The cruise multinational denied the accusations filed in a U.S. court by a Cuban-American doctor, who considers that the company benefited from the port of Santiago de Cuba, which was nationalized after the 1959 Revolution.
The Carnival cruise multinational denied the accusations filed in a U.S. court by a Cuban-American, who considers that the company benefited from the port of Santiago de Cuba, which was nationalized from his family after the 1959 Revolution.
Carnival, the first company sued after the activation last May of Title III of the Helms-Burton Act of 1996 that allows these lawsuits, denied the complaints presented by Doctor Javier García Bengoechea.
In a 21-page court document, published this Tuesday by the U.S.-Cuba Trade and Economic Council, Carnival rejected that it had intentionally used the port and that it was aware that the property was nationalized.

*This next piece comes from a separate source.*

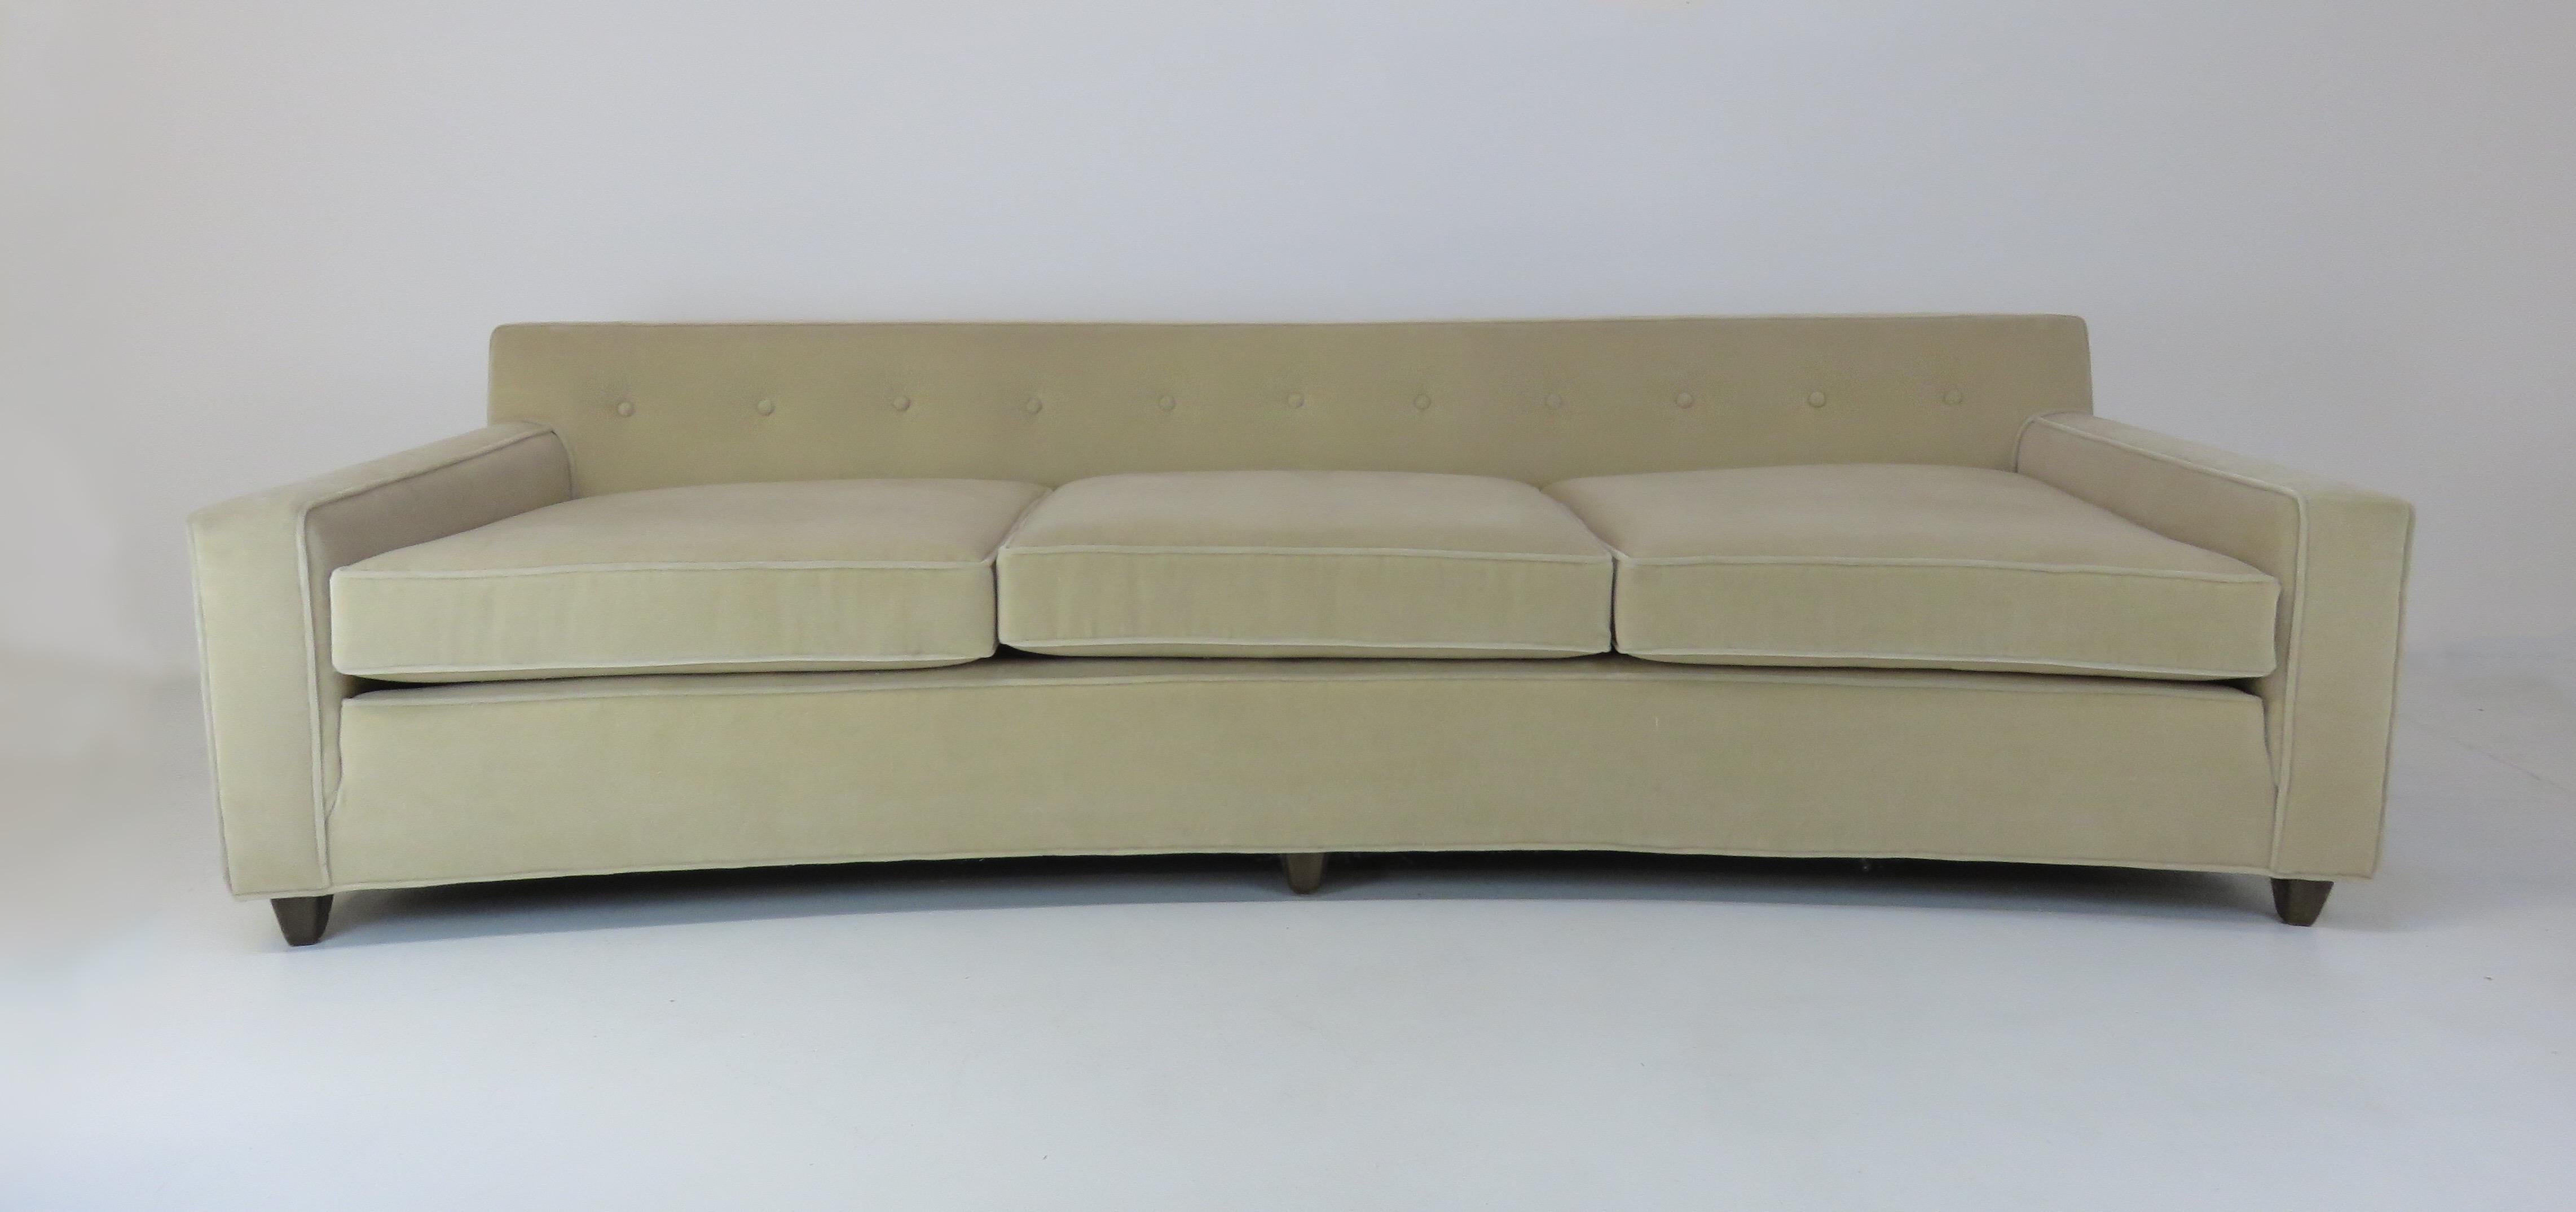 A wide, curved sofa by Edward Wormley sofa for Dunbar. Upholstered in a beige mohair.

In that sense, it also rejected its responsibility for economic compensation.
The company, which in 2016 began to travel to the island with its cruise ships, said it would object to the request for a jury trial.
In the lawsuit, García Bengoechea says he is the “legitimate” owner of the port of Santiago de Cuba, which was expropriated from his family by the “communist” government in 1960.
“Carnival was the first cruise line that trafficked on our properties, they then deserve the ignominious distinction of being the first to be sued,” said the doctor after filing the lawsuit in May in a court in Miami, South Florida.
Previously, the company had asked a judge in Miami to reject another lawsuit for the use of port facilities in Cuba for considering that it has no legal basis.
That request referred to the one presented by the heirs of the Behn family, owners of Havana Docks, the current Sierra Maestra terminal in Havana, and argued that the lawsuit opened under the umbrella of the Helms-Burton Act was unfounded for two reasons: the controversial law does not apply and the concession for the use of the port facilities expired in 2004.
At least 18 lawsuits against companies, especially involving tourism, have been filed in the United States, 16 of them in Florida, since Title III was activated, according to the U.S.-Cuba Trade and Economic Council.
According to the council’s president, John Kavulich, the U.S. authorities have “certified” 5,913 cases of citizens and businesses in the country that can qualify for Title III, for a total of 1.9 billion dollars, which with interest for more than 60 years would amount to 8.521 billion.
But, in addition, there are many more “uncertified” lawsuits that could be filed.
The Helms-Burton Act intends to punish foreign companies that have businesses in Cuba and use properties, or have interests in them, that were nationalized in the early 1960s. In its content it defines that act as a case of “trafficking with intervened properties” and for which there had been no compensation.